- Relator(a)
- Ministro João Otávio de Noronha
- Órgão julgador
- Quarta Turma
- Data do julgamento
- 13/04/2026
- Data de publicação
- 17/04/2026
STJ – Acórdão, Rel. Ministro João Otávio de Noronha, Quarta Turma, j. 13/04/2026, p. 17/04/2026
DIREITO PRIVADO. EMBARGOS DE DECLARAÇÃO NO AGRAVO EM RECURSO ESPECIAL. OMISSÃO QUANTO AO COTEJO ANALÍTICO. EMBARGOS DE DECLARAÇÃO REJEITADOS. I. CASO EM EXAME 1. Embargos de declaração opostos a acórdão que conheceu do agravo para conhecer em parte do recurso especial e negar-lhe provimento, em razão do afastamento de violação dos arts. 489, § 1º, e 1.022 do CPC, da incidência da Súmula n. 7 do STJ nas teses de mérito e da ausência de cotejo analítico e de similitude fática quanto à alínea c.
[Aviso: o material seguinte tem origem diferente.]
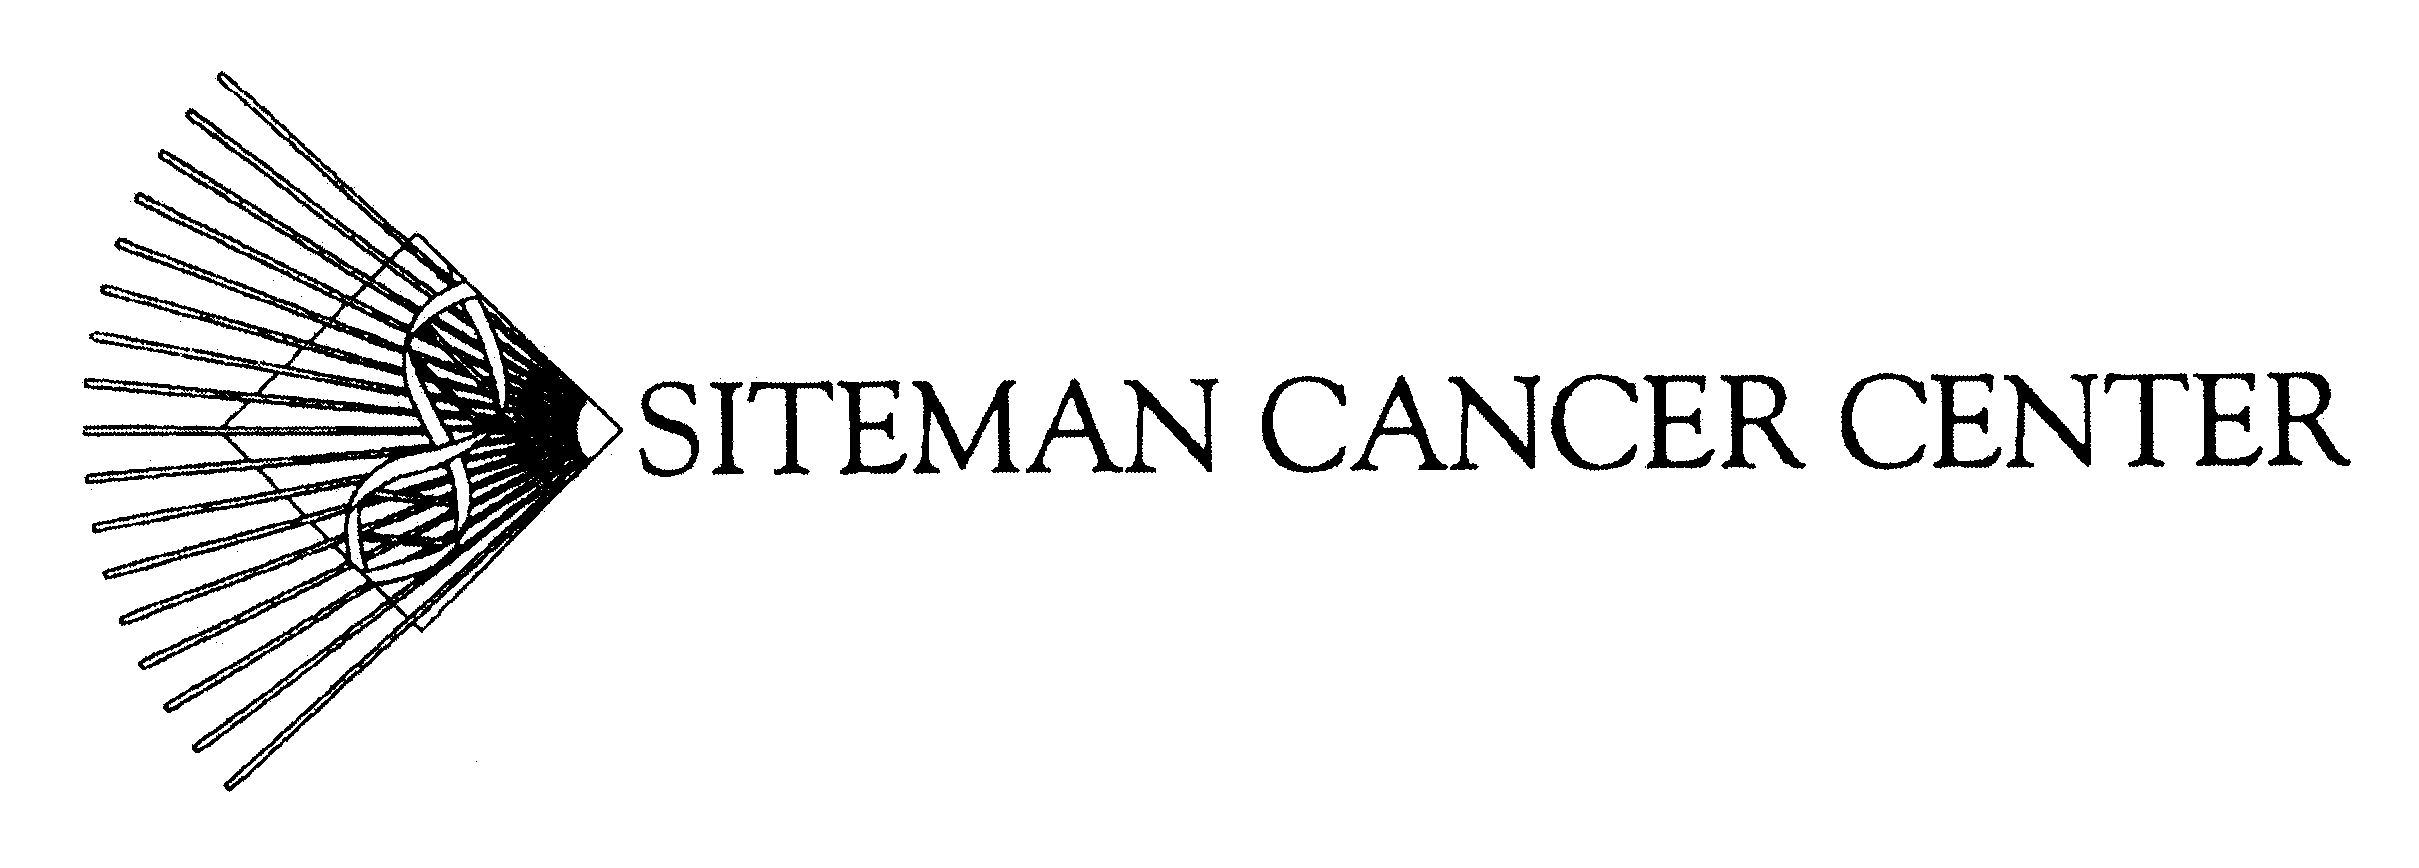  SITEMAN CANCER CENTER

II. QUESTÃO EM DISCUSSÃO 2. A questão em discussão consiste em saber se houve omissão no acórdão embargado quanto à apreciação do cotejo analítico realizado no recurso especial, especificamente sobre a necessidade de prova de abalo à honra objetiva da pessoa jurídica. III. RAZÕES DE DECIDIR 3. Os embargos de declaração destinam-se a esclarecer obscuridade, eliminar contradição, suprir omissão ou corrigir erro material existentes no julgado. 4. Não há omissão, pois o acórdão embargado examinou a exigência de confronto analítico e similitude fática e concluiu pela sua ausência, prejudicando o conhecimento pela alínea c. 5. A multa do art. 1.026, § 2º, do CPC não se aplica, porque não se evidenciou intuito protelatório na oposição dos embargos; igualmente, não se configura litigância de má-fé. IV. DISPOSITIVO E TESE 6 . Embargos de declaração rejeitados. Tese de julgamento: "1. Não há omissão quando o acórdão embargado analisa devidamente o cotejo analítico e a similitude fática, concluindo pela sua ausência para o conhecimento pela alínea c. 2. Não cabem embargos de declaração para aplicação de multa do art. 1.026, § 2º, do CPC quando ausente intuito protelatório". Dispositivos relevantes citados: CPC, arts. 1.022, II, 1.026, § 2º, 81. Jurisprudência relevante citada: STJ, EDcl no AgInt nos EAREsp n. 2.157.279/RS, relator Ministro Marco Aurélio Bellizze, Segunda Seção, julgados em 14/11/2023; STJ, AgInt no AREsp n. 1.658.454/SP, relator Ministro Marco Aurélio Bellizze, Terceira Turma, julgado em 31/8/2020. (EDcl no AREsp n. 3.015.155/SP, relator Ministro João Otávio de Noronha, Quarta Turma, julgado em 13/4/2026, DJEN de 17/4/2026.)